At startup, the sample application reads command line parameters and loads the specified model and input images (or a folder with images) to the OpenVINO™ Runtime plugin. The batch size of the model is set according to the number of read images. The batch mode is an independent attribute on the asynchronous mode. Asynchronous mode works efficiently with any batch size.

Then, the sample creates an inference request object and assigns completion callback for it. In scope of the completion callback handling the inference request is executed again.

After that, the application starts inference for the first infer request and waits of 10th inference request execution being completed. The asynchronous mode might increase the throughput of the pictures.

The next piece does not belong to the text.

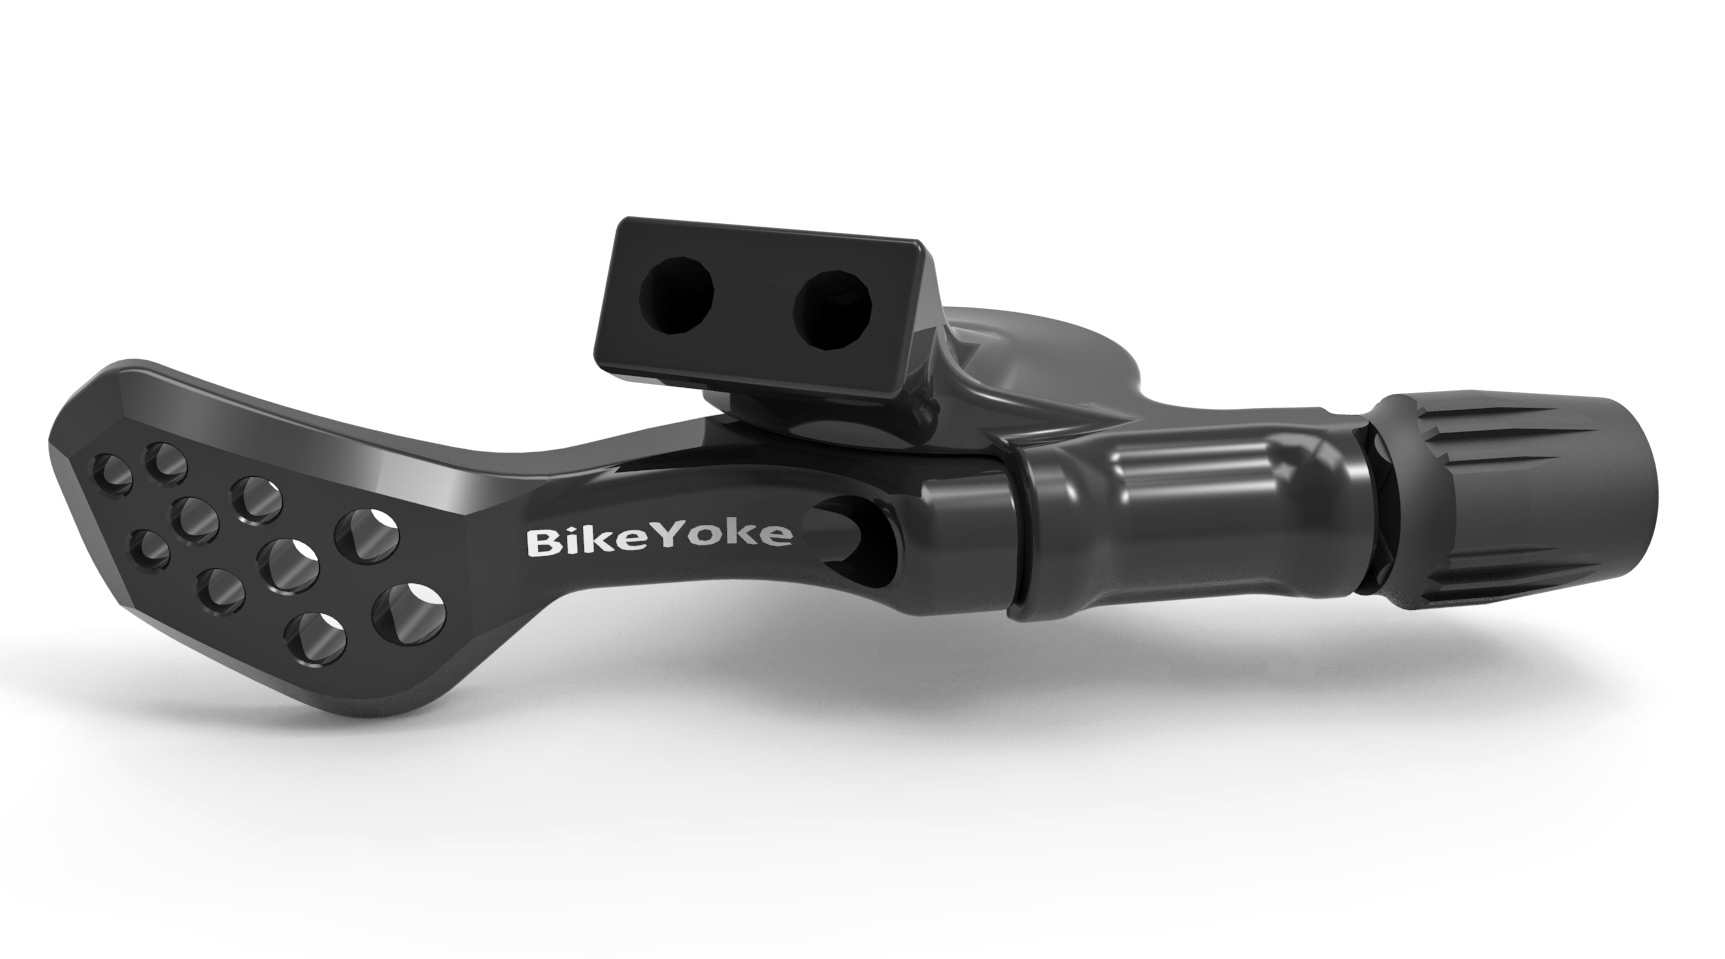 BikeYoke offers new shifter-style Triggy dropper post remote

When inference is done, the application outputs data to the standard output stream. You can place labels in .labels file near the model to get pretty output.

You can see the explicit description of each sample step at Integration Steps section of “Integrate OpenVINO™ Runtime with Your Application” guide.

Building

To build the sample, please use instructions available at Build the Sample Applications section in OpenVINO™ Toolkit Samples guide.

Running

Run the application with the -h option to see the usage instructions:

classification_sample_async -h

Usage instructions:

[ INFO ] OpenVINO Runtime version ......... <version>
[ INFO ] Build ........... <build>

classification_sample_async [OPTION]
Options:

    -h                      Print usage instructions.
    -m "<path>"             Required. Path to an .xml file with a trained model.
    -i "<path>"             Required. Path to a folder with images or path to image files: a .ubyte file for LeNet and a .bmp file for other models.
    -d "<device>"           Optional. Specify the target device to infer on (the list of available devices is shown below). Default value is CPU. Use "-d HETERO:<comma_separated_devices_list>" format to specify the HETERO plugin. Sample will look for a suitable plugin for the device specified.

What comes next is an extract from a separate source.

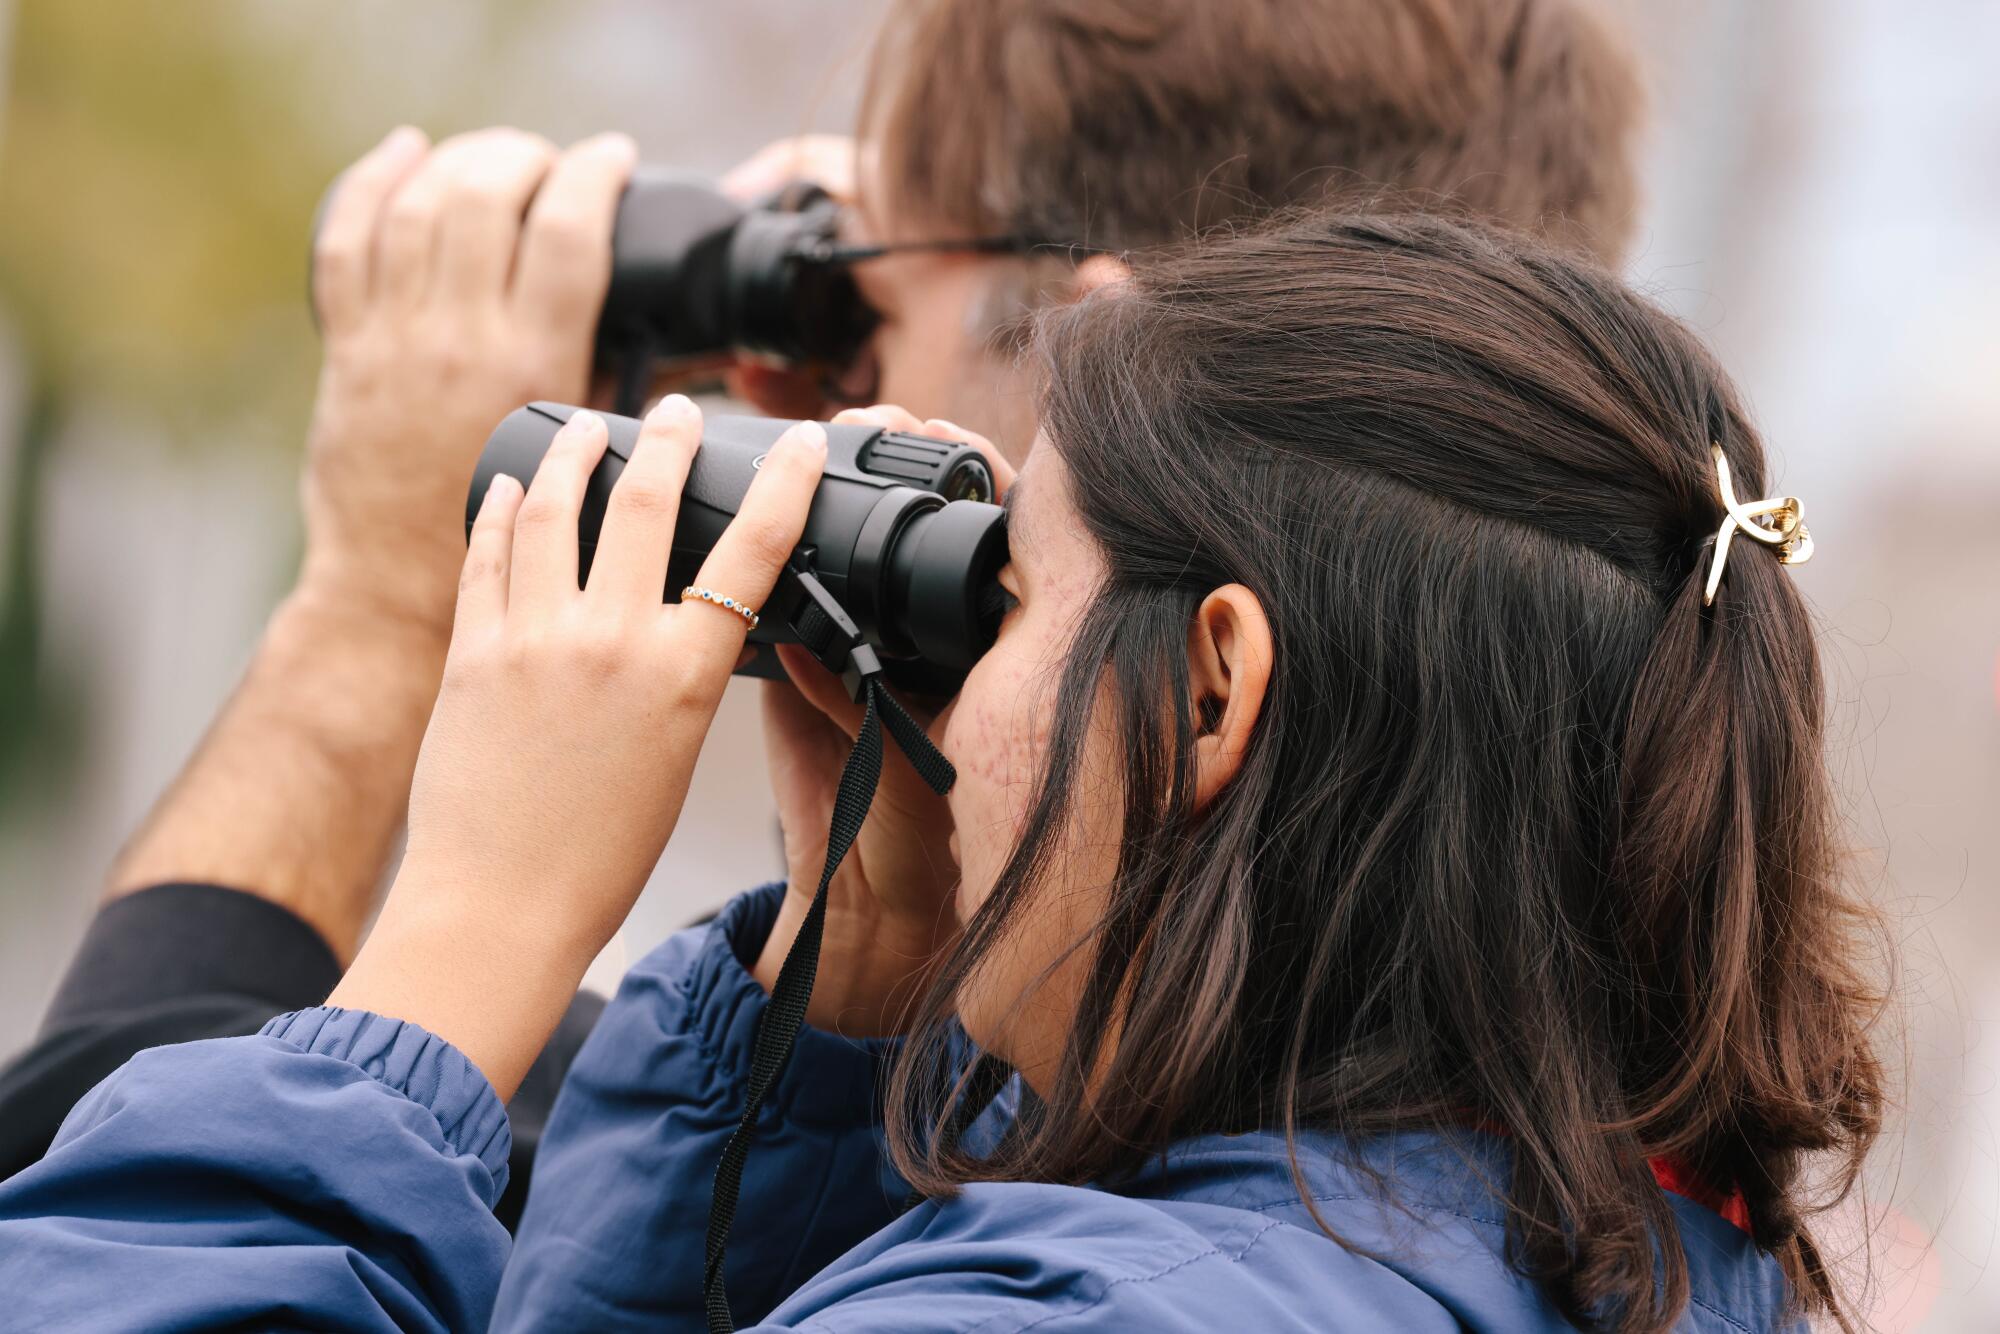 A man and a woman look through binoculars.

Available target devices: <devices>

To run the sample, you need to specify a model and image:

  • You can use public or Intel’s pre-trained models from the Open Model Zoo. The models can be downloaded using the Model Downloader.

  • You can use images from the media files collection available here <https://storage.openvinotoolkit.org/data/test_data>.

Note

  • By default, OpenVINO™ Toolkit Samples and Demos expect input with BGR channels order. If you trained your model to work with RGB order, you need to manually rearrange the default channels order in the sample or demo application or reconvert your model using mo with reverse_input_channels argument specified. For more information about the argument, refer to When to Reverse Input Channels section of Embedding Preprocessing Computation.

  • Before running the sample with a trained model, make sure the model is converted to the intermediate representation (IR) format (*.xml + *.bin) using the model conversion API.

  • The sample accepts models in ONNX format (.onnx) that do not require preprocessing.

  • Stating flags that take only single option like -m multiple times, for example ./classification_sample_async -m model.xml -m model2.xml, results in only the first value being used.

Example

  1. Install the openvino-dev Python package to use Open Model Zoo Tools:

    python -m pip install openvino-dev[caffe]
    
  2. Download a pre-trained model using:

    omz_downloader --name googlenet-v1
    
  3. If a model is not in the IR or ONNX format, it must be converted. You can do this using the model converter:

    omz_converter --name googlenet-v1
    
  4. Perform inference of dog.bmp using googlenet-v1 model on a GPU, for example:

    classification_sample_async -m googlenet-v1.xml -i dog.bmp -d GPU
    

Sample Output

[ INFO ] OpenVINO Runtime version ......... <version>
[ INFO ] Build ........... <build>
[ INFO ]
[ INFO ] Parsing input parameters
[ INFO ] Files were added: 1
[ INFO ]     /images/dog.bmp
[ INFO ] Loading model files:
[ INFO ] /models/googlenet-v1.xml
[ INFO ] model name: GoogleNet
[ INFO ]     inputs
[ INFO ]         input name: data
[ INFO ]         input type: f32
[ INFO ]         input shape: {1, 3, 224, 224}
[ INFO ]     outputs
[ INFO ]         output name: prob
[ INFO ]         output type: f32
[ INFO ]         output shape: {1, 1000}
[ INFO ] Read input images
[ INFO ] Set batch size 1
[ INFO ] model name: GoogleNet
[ INFO ]     inputs
[ INFO ]         input name: data
[ INFO ]         input type: u8
[ INFO ]         input shape: {1, 224, 224, 3}
[ INFO ]     outputs
[ INFO ]         output name: prob
[ INFO ]         output type: f32
[ INFO ]         output shape: {1, 1000}
[ INFO ] Loading model to the device GPU
[ INFO ] Create infer request
[ INFO ] Start inference (asynchronous executions)
[ INFO ] Completed 1 async request execution
[ INFO ] Completed 2 async request execution
[ INFO ] Completed 3 async request execution
[ INFO ] Completed 4 async request execution
[ INFO ] Completed 5 async request execution
[ INFO ] Completed 6 async request execution
[ INFO ] Completed 7 async request execution
[ INFO ] Completed 8 async request execution
[ INFO ] Completed 9 async request execution
[ INFO ] Completed 10 async request execution
[ INFO ] Completed async requests execution

Top 10 results:

Image /images/dog.bmp

classid probability
------- -----------
156     0.8935547
218     0.0608215
215     0.0217133
219     0.0105667
212     0.0018835
217     0.0018730
152     0.0018730
157     0.0015745
154     0.0012817
220     0.0010099